I hope you get well soon!
And I'm happy you resisted and didn't get him, I know how hard it must have been.


----------



## popcorndeer (Feb 4, 2013)

yah it was hard leveing him behind he looked so sad


----------



## popcorndeer (Feb 4, 2013)

i think my snail died


----------



## Laki (Aug 24, 2011)

If your snail died you will smell it first. Dead snails STINK.


----------



## Alcemistnv (Jan 29, 2012)

*is so glad she hates snails and therefore will never have one*


----------



## popcorndeer (Feb 4, 2013)

yah sorry he must have ben sleeping hes alive sorry about that


----------



## rubinthebetta (Oct 9, 2012)

It's fine. BTW, it's great that you're going to get bigger tanks.

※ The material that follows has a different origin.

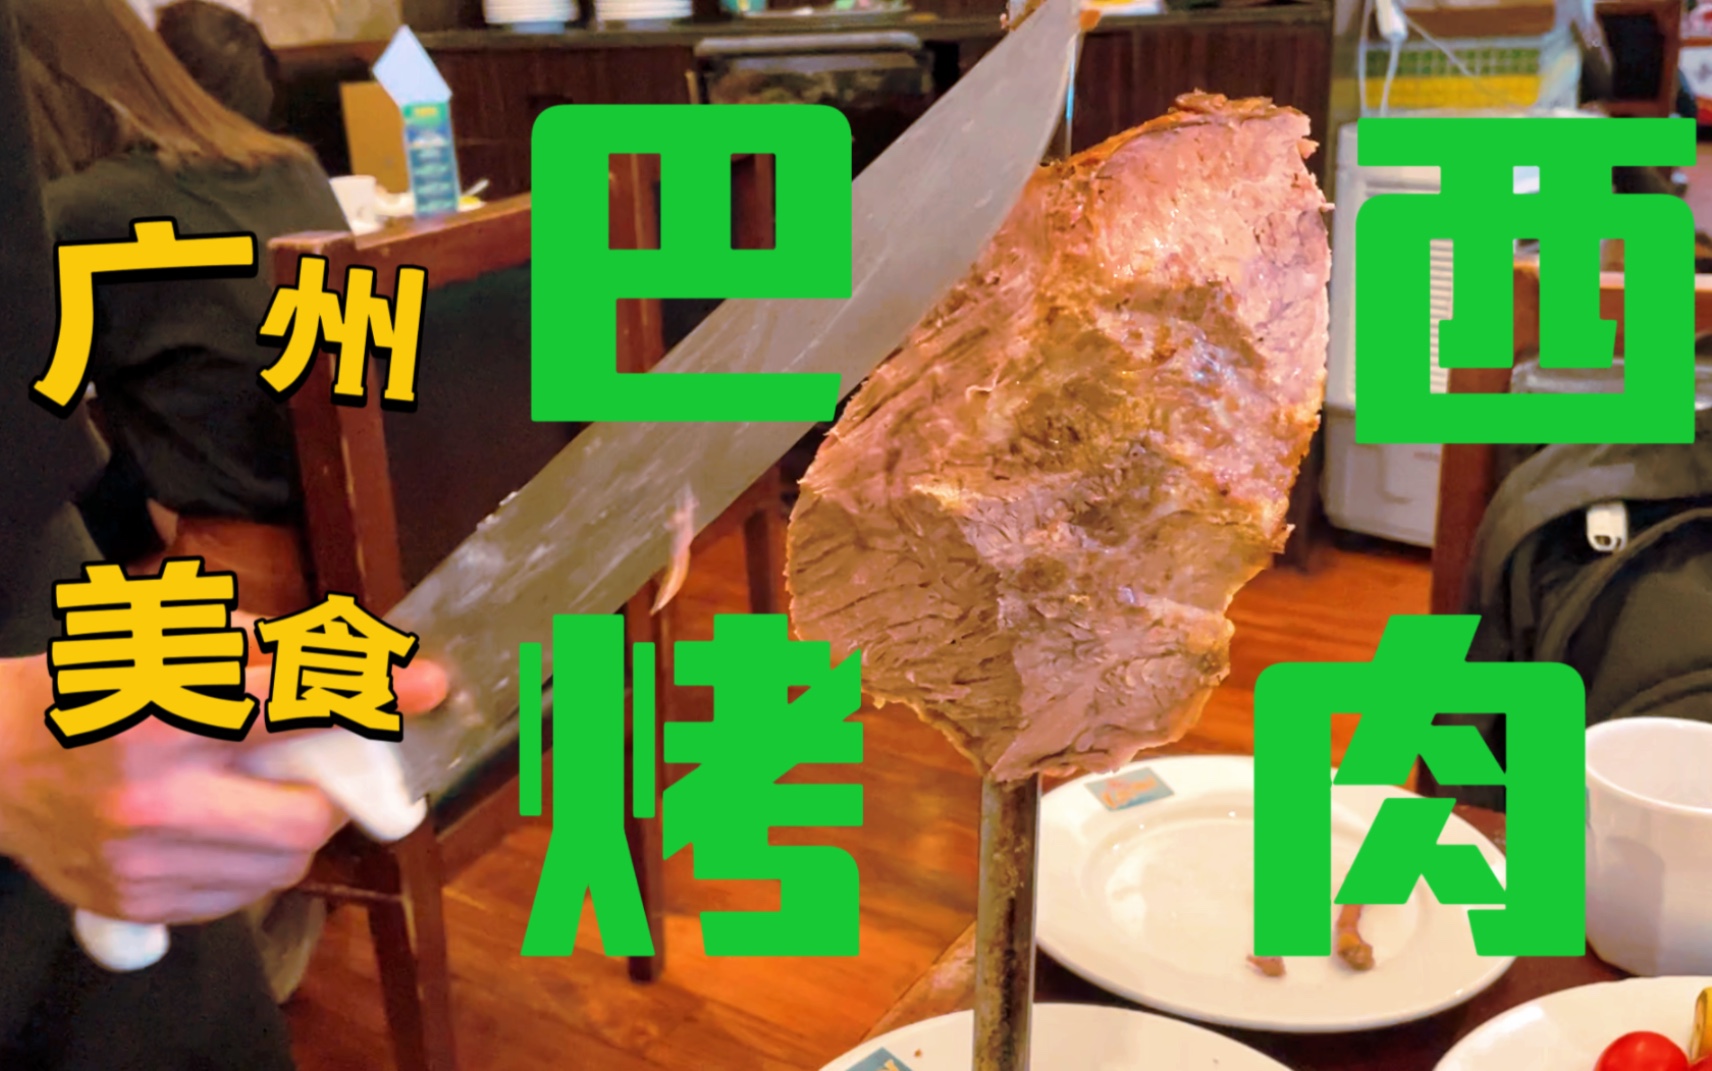 〖广州〗在广州就能吃上正宗的巴西烤肉？打卡一家主做烤肉的自助餐厅，看能不能实现肉类自由～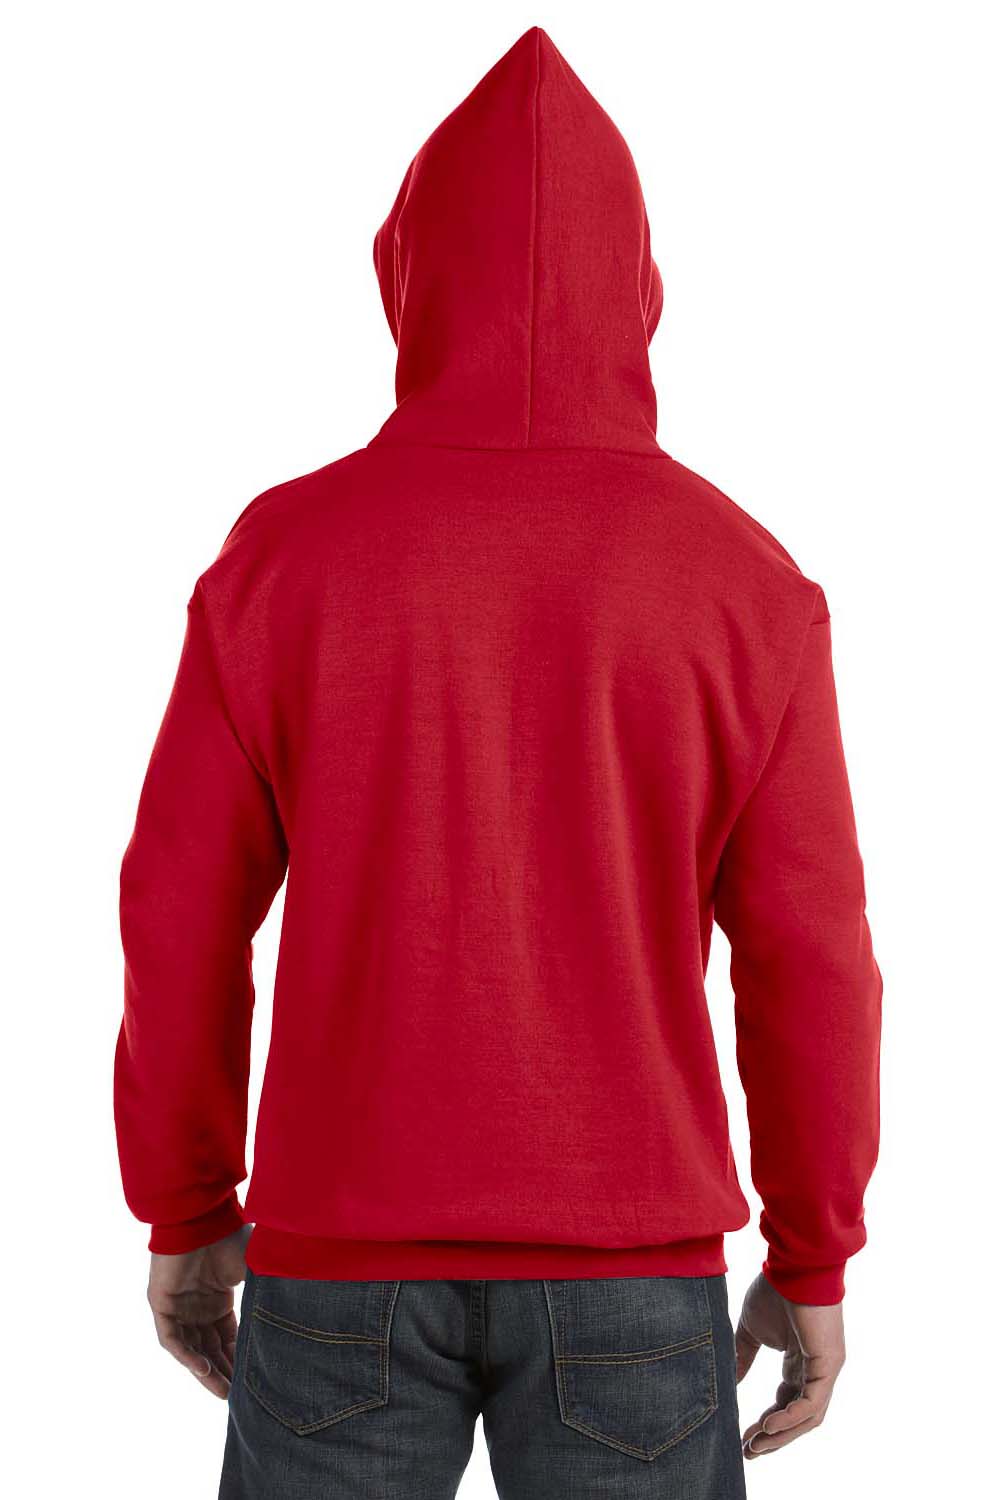 Hanes P170 Mens EcoSmart Print Pro XP Hooded Sweatshirt Hoodie Red Back

I'm sure it will make your fish happier, and it will be easier on you, too.


----------



## popcorndeer (Feb 4, 2013)

i want to start a planted tank for kitty


----------



## Bombalurina (Oct 10, 2011)

That sounds like a good idea.  Spend the money on the heaters and larger tanks first, though. 

Have you filled up the other tanks as well?


----------



## popcorndeer (Feb 4, 2013)

yes and turkey had a water change today!

now iam thinking hes a girl anyway my friend might come over tomorow and help me clean the girls tank and kittys tank


----------



## Bombalurina (Oct 10, 2011)

Sounds good!


----------



## bettacrazygirl86 (Jan 21, 2013)

popcorndeer said:


> yes and turkey had a water change today!
> 
> now iam thinking hes a girl anyway my friend might come over tomorow and help me clean the girls tank and kittys tank


If you can give us a good picture of him, I'm sure we can tell you whether he's a girl or a boy.


----------



## popcorndeer (Feb 4, 2013)

ok


----------